4. Keeping the aforesaid legal position in mind, if the allegations in the complaint petition are examined, it cannot be said at this stage that the allegation if accepted in their entirety, would not make out a case of defamation. Prima facie, the allegations are defamatory and it would be at the trial decided whether any of the exceptions to Section 499 of the Indian Penal Code is attracted in the facts and circumstances of the case. Mr. Mohanty the learned Counsel for the petitioners, relied on a passage from the book 'Libel and Slander' by Gatley, 7th Edition, where at page 734, the learned author quoted an observation of Bain, J. in Manitoba Press Co. v. Martin (1892) 8 Manitoba R. at page 70, to the effect :
One who undertakes to fill a public office offers himself to public attack and criticism, and it is now admitted and recognised that the public interest requires that a man's public conduct shall be open to the most searching criticism.
The author also quoted the observation made in the case of Sevmour v. Butterworth (1862) 3 F & F, 372, to the effect:
The private character and conduct of a person who fills a public office or takes part in public affairs may also be the subject for fair comment in so far as it has reference to or tends to throw light on his fitness to occupy the office or perform the duties thereof, but not Otherwise.
Whether the printers and publishers of the article in question could be protected by the aforesaid views of the learned author or not is a matter which can be decided only after trial.

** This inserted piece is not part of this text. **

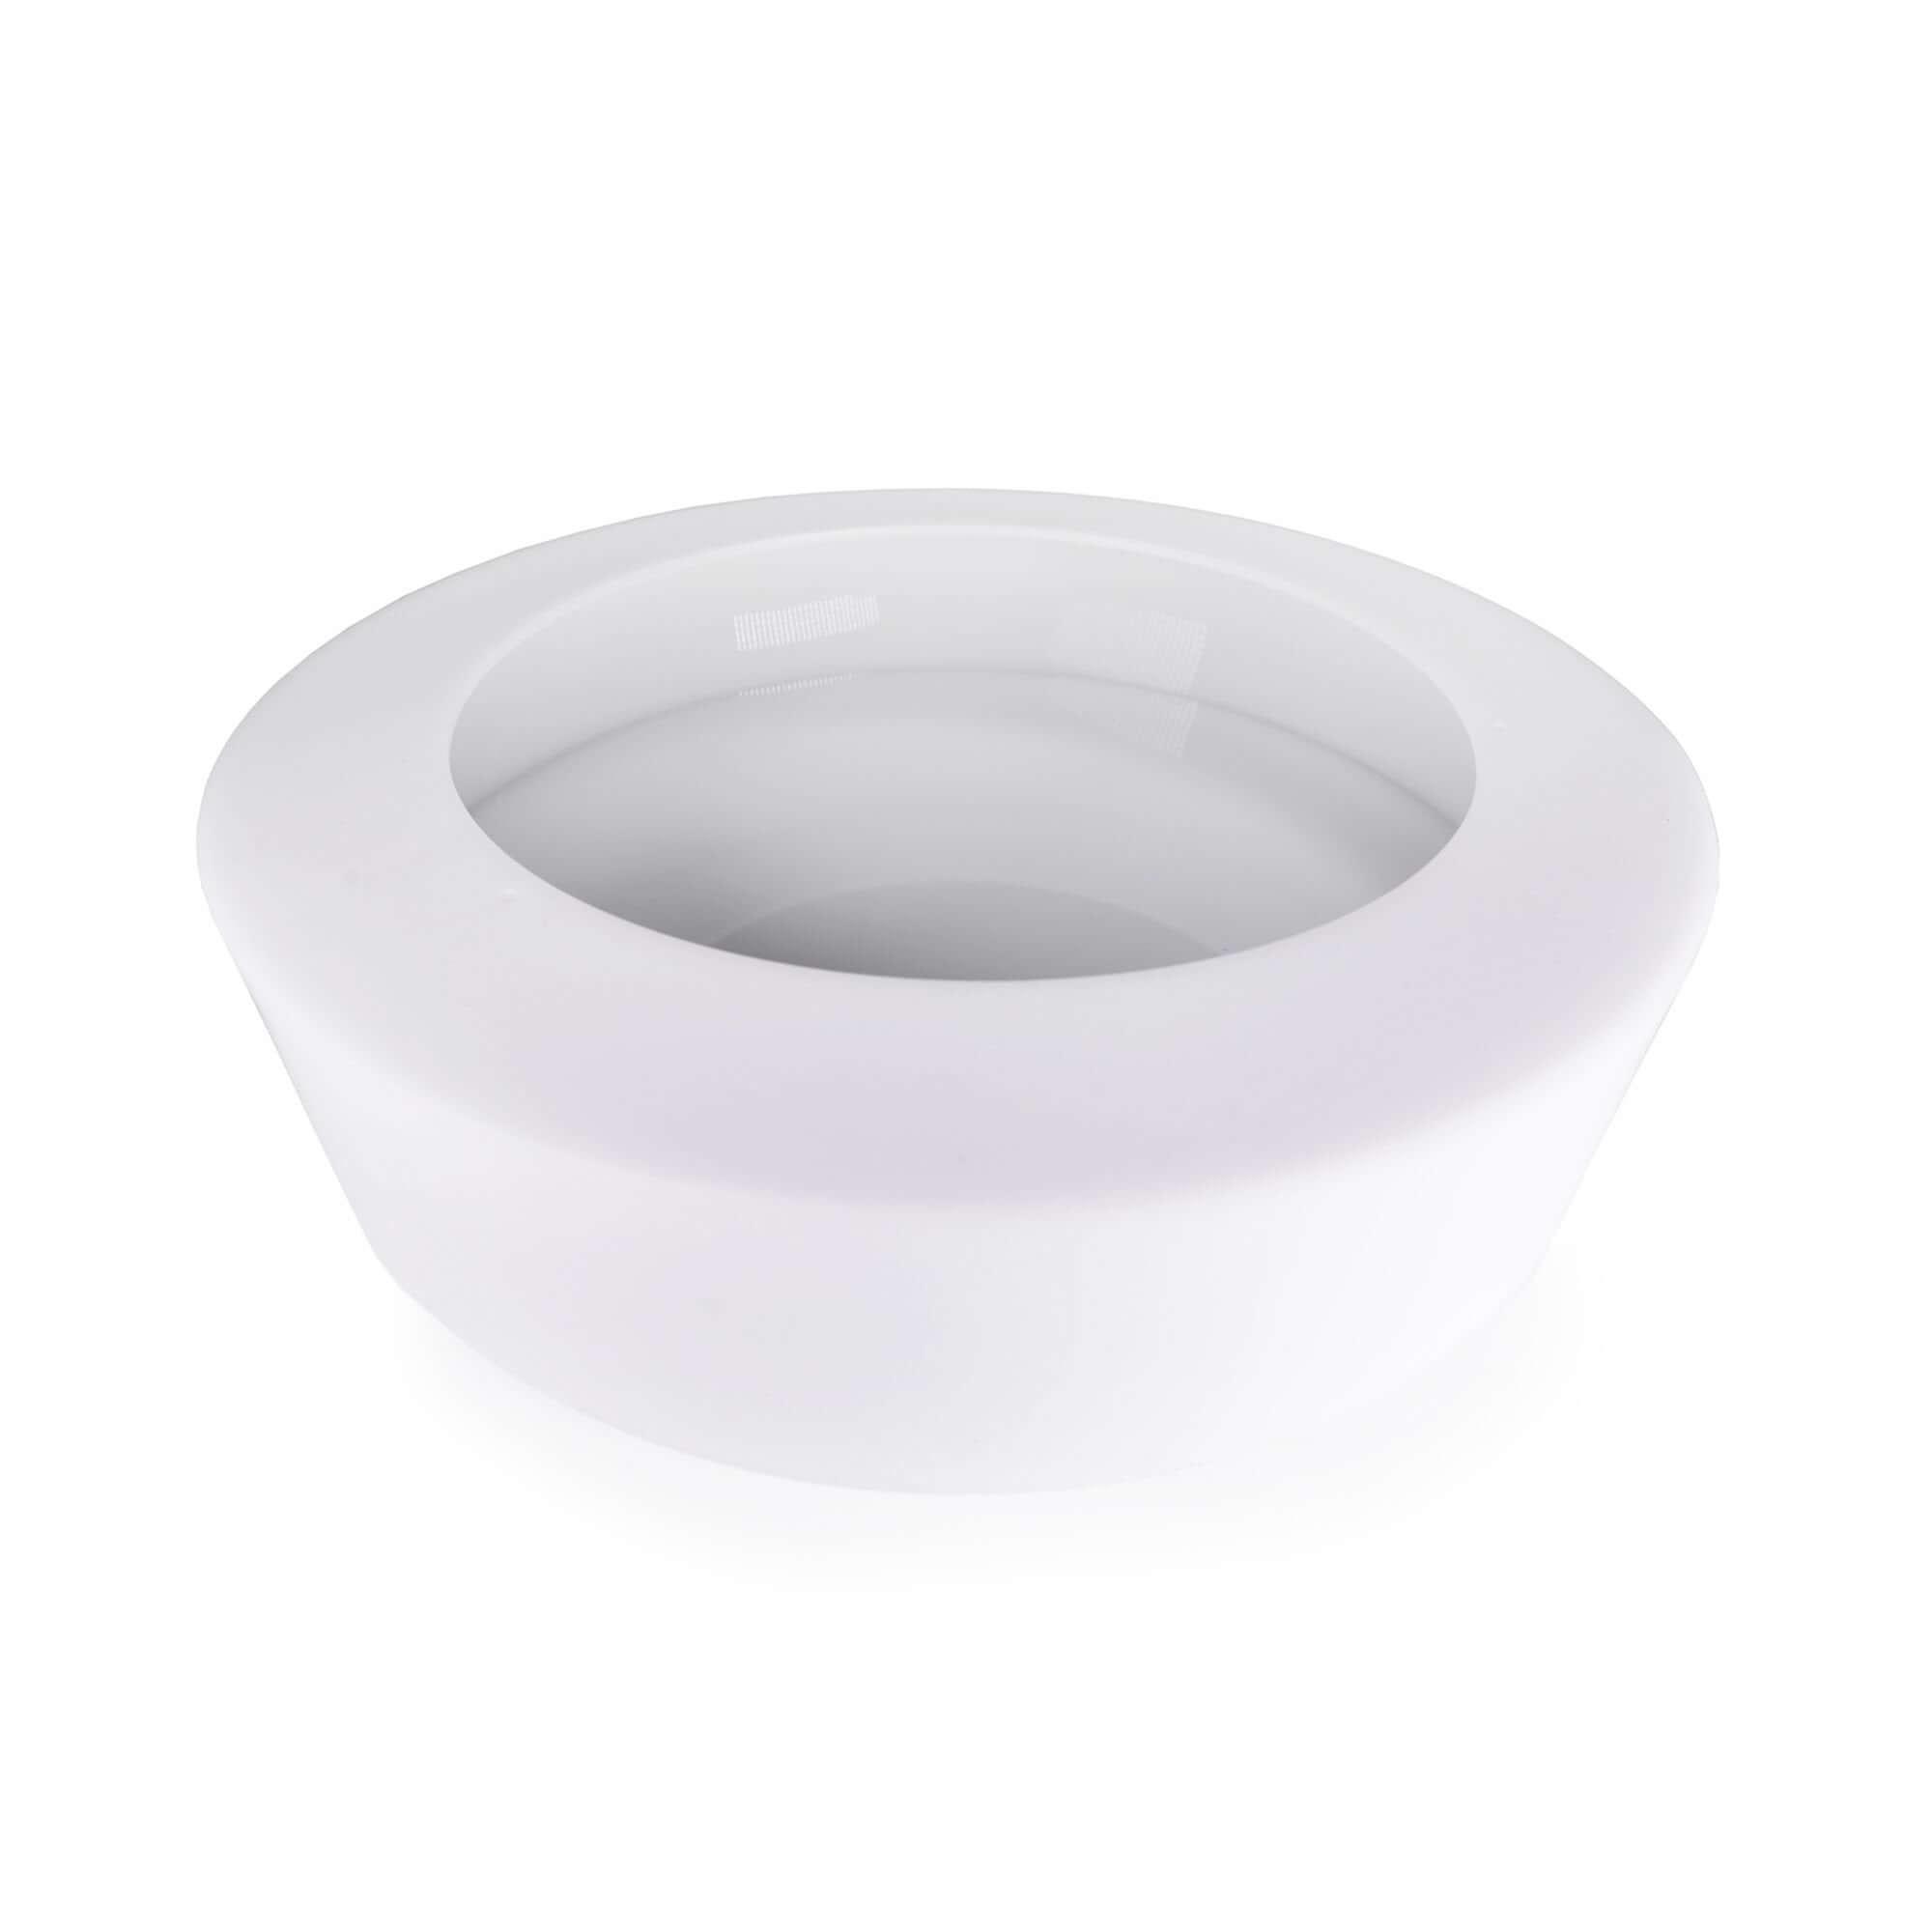 Acryline Leuchte aus Acrylglas beleuchtung technisch gefräst geklebt tiefgezogen acryl kunststoff lampe hell zubehör beleuchtungskomponente difusor

At any rate, the complainant in this case was not holding any public office, nor took part in any public affairs. It is, however, not necessary for me to discuss any further in this regard since in my opinion, the impugned article contains disparaging remarks against the complainant which prima facie attract the provision of Section 500 of the Indian Penal Code and the High Court in exercise of its inherent jurisdiction would not be entitled to quash the cognizance in accordance with the dictum of the Supreme Court in the case reported in : 1SCR844 , or in accordance with the dictum of the Supreme Court in Swapan Kumar Guha's case : 1982CriLJ819 . I am, therefore, of the opinion that at this stage, it is not possible for me to hold that there was no prima facie material for taking cognizance in respect of the offence and consequently, the Magistrate was fully justified in taking cognisance against the petitioner.
5. In the result, therefore, the present criminal revision is devoid of merits and the same stands dismissed. The learned Magistrate is directed to proceed with the trial of the case in accordance with law.